Win32 API Calls for Manipulating Unicode Data

Several Win32 API calls are useful for manipulating Unicode data. LCMapStringW can map a character string to uppercase, to lowercase, or even to a sort key based on a locale ID. CompareStringW provides locale-sensitive string comparison. Both LCMapStringW and CompareStringW can handle Unicode strings and Unicode idiosyncrasies such as nonspacing characters. CompareStringW carries an option to ignore a character's case, width, or accents when comparing character strings. This option is the preferred way to compare a with A or ä. If you specify the right flags, you can even equate more disparate characters, such as the German ß with SS or the hiragana with the katakana .

GetStringTypeW can be used to test whether characters are alphabetic characters, numeric characters, punctuation, right-to-left characters, hiragana, and so on. In this case, the return values are not locale-sensitive but are based on Unicode classifications. Thus, Greek letters are always tagged as alphabetic, even though in English they are often used as symbols. (GetStringTypeA, CompareStringA, and LCMapStringA are based on code pages, not on Unicode, in Win32s and Windows 95. The results of the -A and -W API calls are identical, however.)

Like LCMapStringW, FoldStringW maps strings, but like GetStringTypeW, the conversions are based solely on Unicode rules and are not locale-sensitive. FoldStringW provides a way to map any kind of digit (such as Arabic-Hindi, kanji, or Thai) to ASCII '0' through '9' and also maps between an accented character and its composed forms—a plain character followed by one or more nonspacing accent marks.

See Figure 3-15 below:

Figure 3-15 ASCII, Arabic-Hindi, kanji, and Thai numbers.

The FoldStringW function can also map characters in Unicode's compatibility zone into standard Unicode characters. The compatibility zone contains characters that aren't part of Unicode's standard range because they duplicate existing characters but are necessary for one-to-one round-trip conversion between Unicode and other standards. For example, the full-width ASCII characters and the half-width katakana characters in Shift-JIS are mapped to Unicode's compatibility zone (see Figure 3-16). They duplicate the half-width ASCII and the full-width katakana characters of Shift-JIS, which are mapped to Unicode's standard range. The compatibility zone also contains vertical alternates of some glyphs and variants of Arabic characters. FoldStringW is useful when it's not important to preserve round-trip conversion or when it's unnecessary to distinguish between character variants. For example, if you are looking for all instances of the letter A, half-width and full-width forms are equivalent.
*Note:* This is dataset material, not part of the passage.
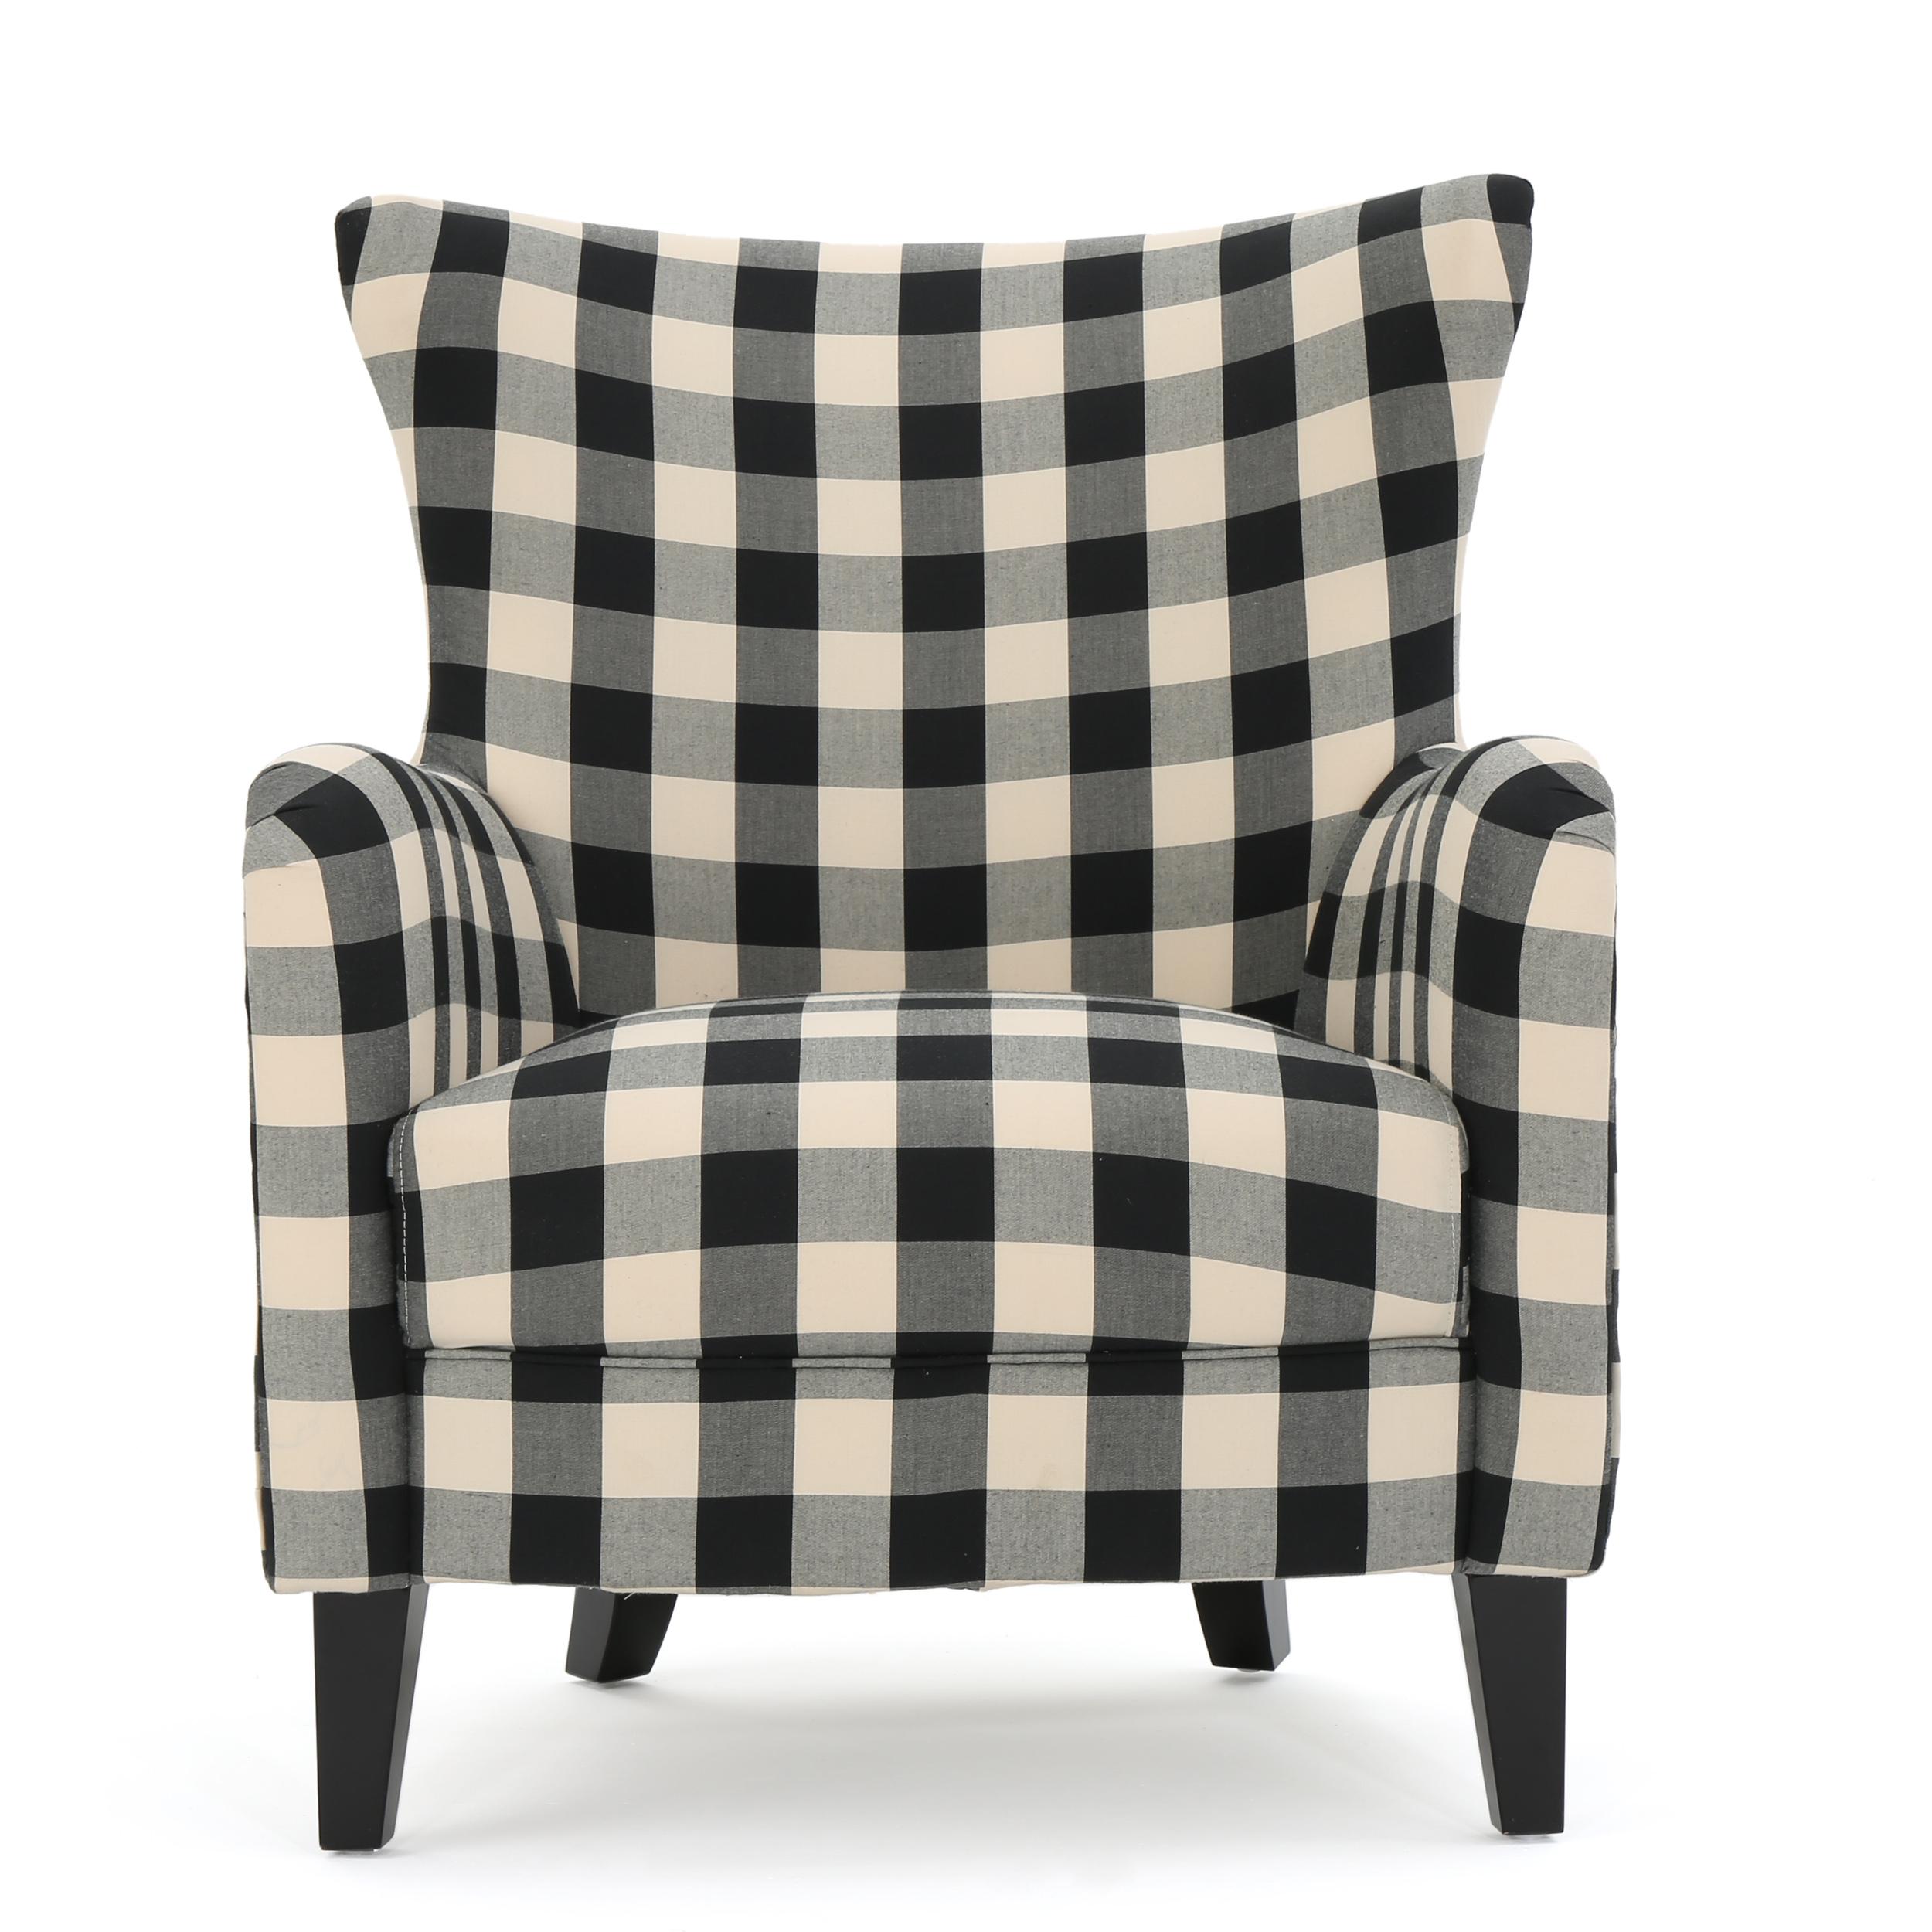 Arador Fabric Club Chair, Black & White Plaid by GDF Studio
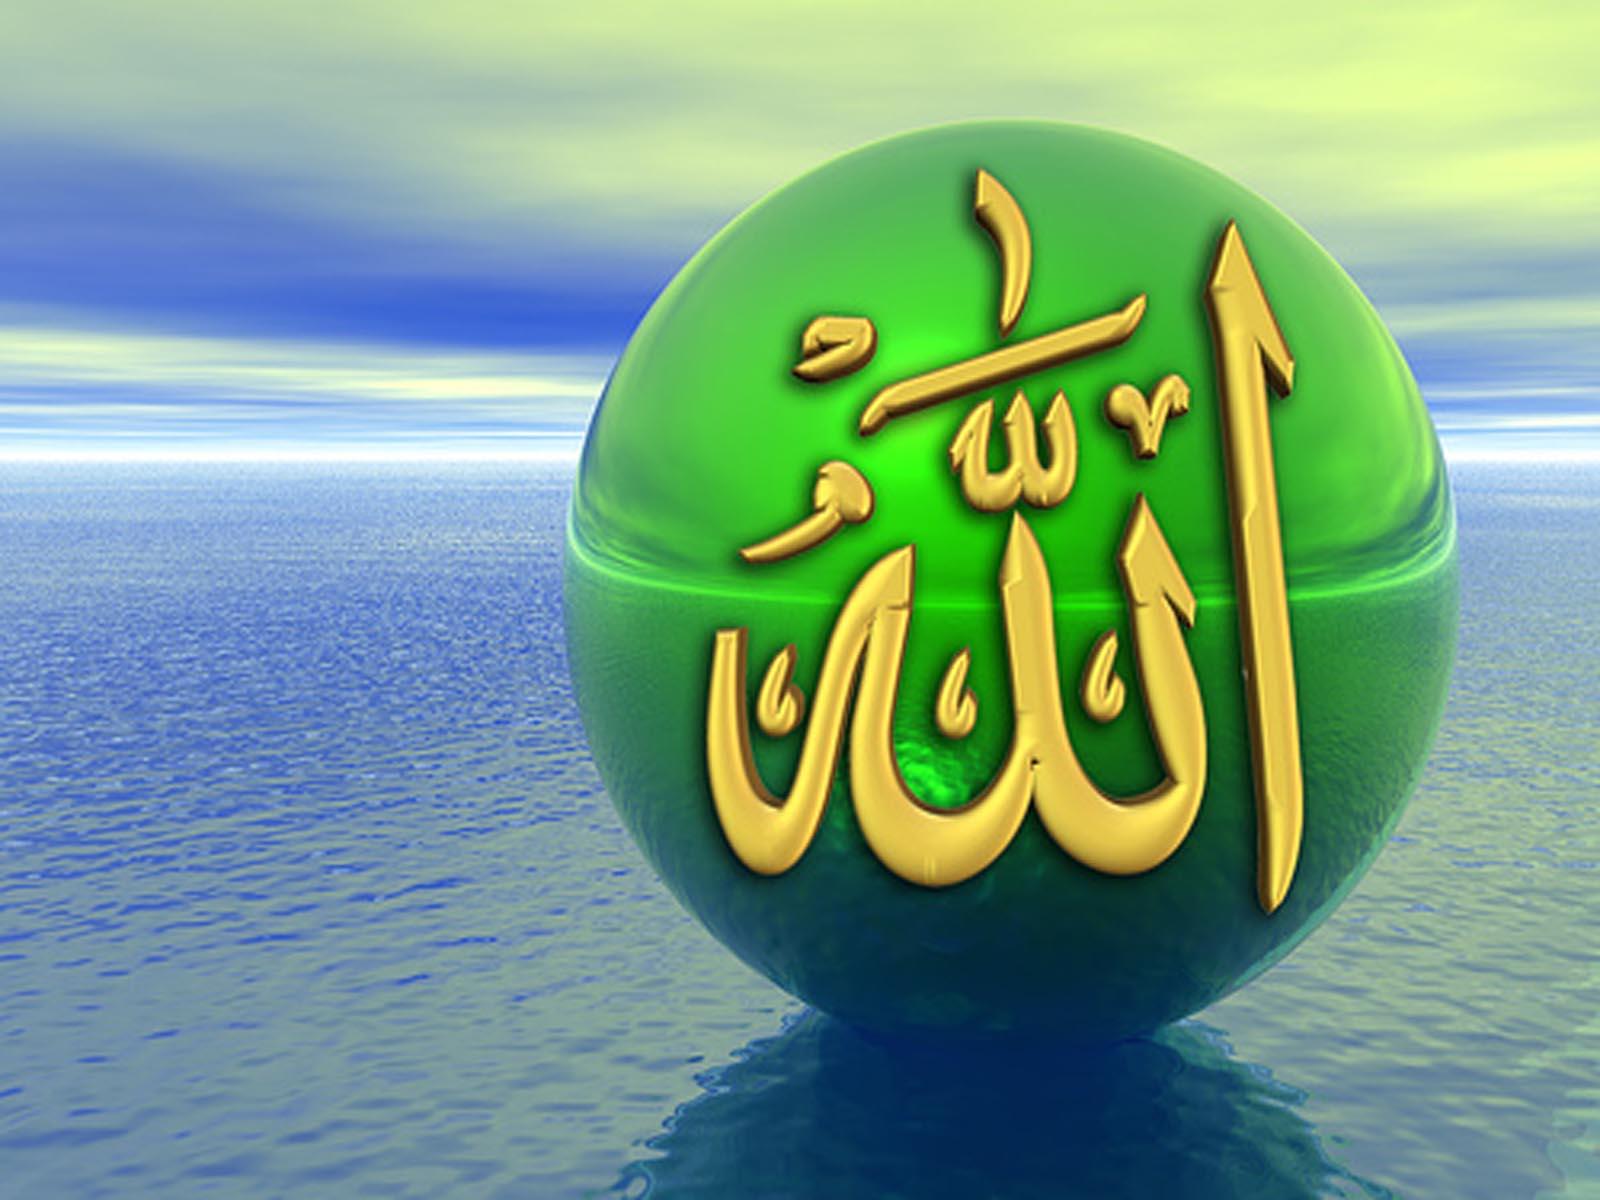 allah name wallpaper 1 allah name wallpaper 2 allah name wallpaper 3 1600x1200

Figure 3-16 Excerpts from the half-width ASCII characters (0x20 through 0x7F in Shift-JIS), the full-width katakana characters (0x8340 through 0x8396 in Shift-JIS), the full-width Latin alphabet (0x8249 through 0x829A in Shift-JIS), and the half-width katakana characters (0xA6 through 0xDF in Shift-JIS) as they appear in Unicode. The full-width Latin and half-width katakana characters are part of the compatibility zone.

Windows NT also takes advantage of Unicode's private-use zone. The system maps the end-user defined character (EUDC) ranges set aside in Windows 3.1–based Far East code pages to the private-use zone, but it doesn't assign any fonts, glyphs, or other special semantics to these characters. These characters sort together as a group in numeric code-point order and sort last after all other script ranges. Because the private-use characters could be anything, depending on the application, Windows NT does not allow private-use characters in user names, share names, volume labels, or filenames. They are more or less banned from the system name space.